The fungi have strong extracellular enzyme production capacity and most studies have been focused on them for finding environmentally friendly wates removal methods. There are many studies on fungal enzymes in terrestrial systems. However, there is not enough data on aquatic systems (Richards et al., 2012, Ben Ali et al., 2020). In marine environments, fungi are involved in the degradation of lignocellulosic materials. Lignolytic fungi of marine origin, including Basidiomycetes, Ascomycetes and Deuteromycetes, have spores with different characteristics than their terrestrial counterparts. The expression “grows only under sea conditions and creates spores” describes obligate marine fungi (Kohlmeyer and Kohlmeyer, 1979). “Facultative marine fungi” is a definition used for terrestrial-based fungi, which are capable of growth and spore formation in marine environments. The fungi perform degradation of lignin by extracellular enzymes such as laccase, manganese peroxidase and lignin peroxidase. These enzymes have also been reported to be effective on environmental contaminants such as dye and textile wastes, agricultural chemicals, and pulp mills wastes (Kiiskinen et al., 2004, Mtui and Nakamura, 2004).

Laccases (EC 1.10.3.2) are a multigenic family of multicopper oxidase found in bacteria, fungi and plants (Reiss et al., 2013, Ben Ali et al., 2020). Fungal laccases are dimeric or tetrameric glycoproteins with four copper atoms in the catalytic domain per monomer. Laccases have a wide range of substrates that can serve industrial purposes and biological waste disposal processes. An important feature that distinguishes laccases from other lignolytic enzymes is that they do not need the addition of cofactors for their activity. The fact that these enzymes are usually secreted naturally and are highly stable outside the cell provide them an important advantage in environmental applications (Yoshitake et al., 1993, Ben Ali et al., 2020).

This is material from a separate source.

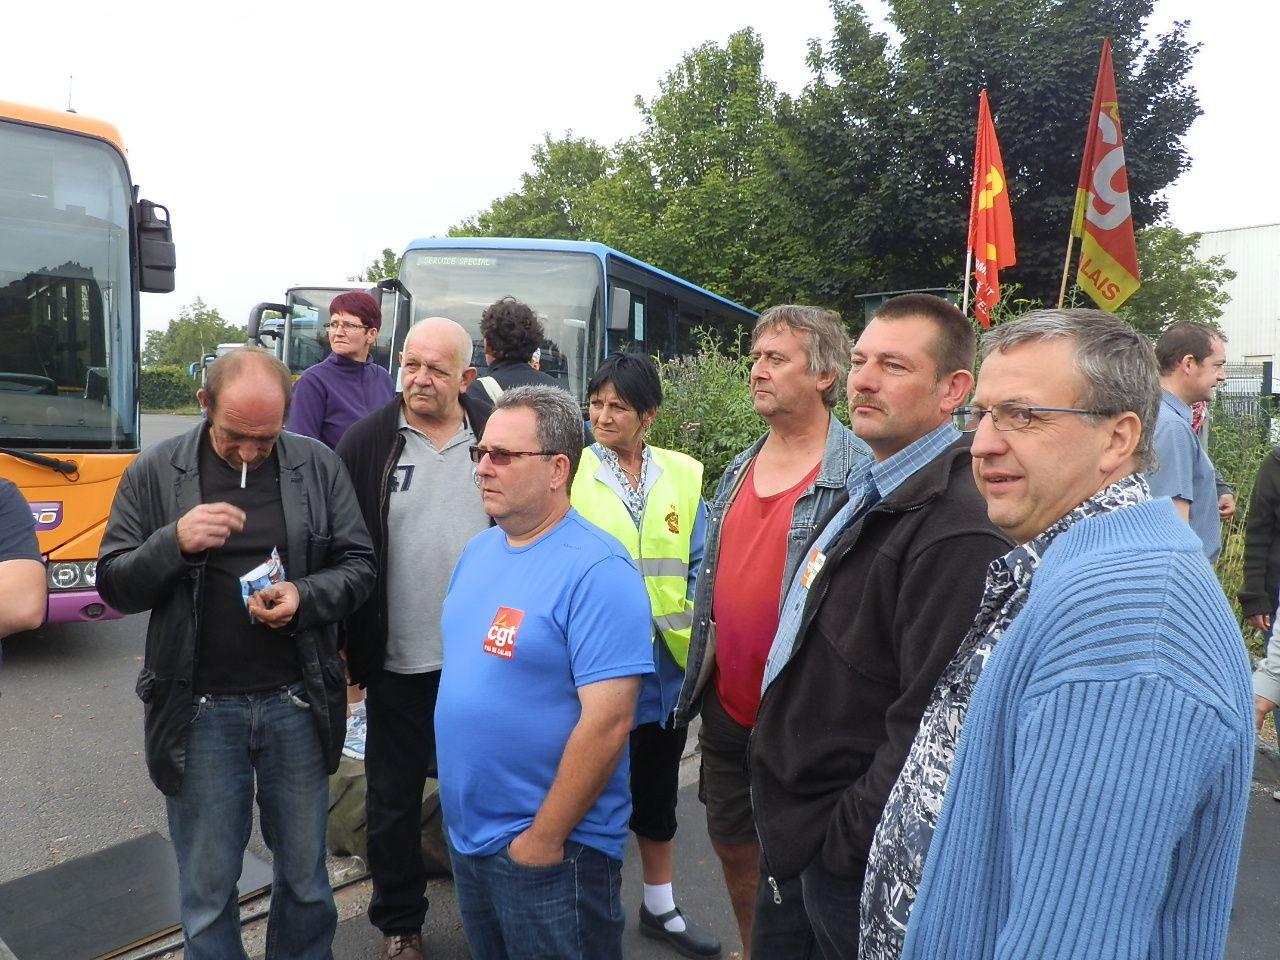 En juillet 2013, à l'initiative de l'Union de luttes CGT : manifestation devant Dourlens (groupe Keolis) à Bruay-la-Buissière

The production of laccases from new sources is very important industrially and one of these sources could be the marine environments. The fungi from marine sources that colonize mangrove leaves, ramages, weeds and pieces of wood can produce lignin degrading enzymes (Pointing and Hyde, 2000, Bucher et al., 2004). The fungi in marine systems are expected to adapt to growth under saline (10–34 ppt salinity) and alkaline conditions because the pH of the seawater is in the range of 7.5–8.2. The textile, paper, cellulose factories and molasses-using factories are industries that produce lignin-derived compounds as waste. Laccase producing marine-derived fungi are used for bioremediation applications of these wastes. The content of these wastes is alkaline and highly salty. The marine-derived fungi have adapted to salty and alkaline conditions due to their habitats. For this reason, the potential of facultative or obligate marine-origin fungi of these waste removal studies is high (Raghukumar et al., 2008).

In this study, a new isolation method of laccase producing fungi from two different aquatic environments such as lagoon and marine water was applied. Then, laccase production in saline and alkaline conditions by marine origin fungi, which are not frequently detected in these environments; was investigated by different media, indicator compounds and decolorization of Remazol Brilliant Blue R dye. In addition, decolorization rates of dyes belonging to different chemical classes were examined without using mediators.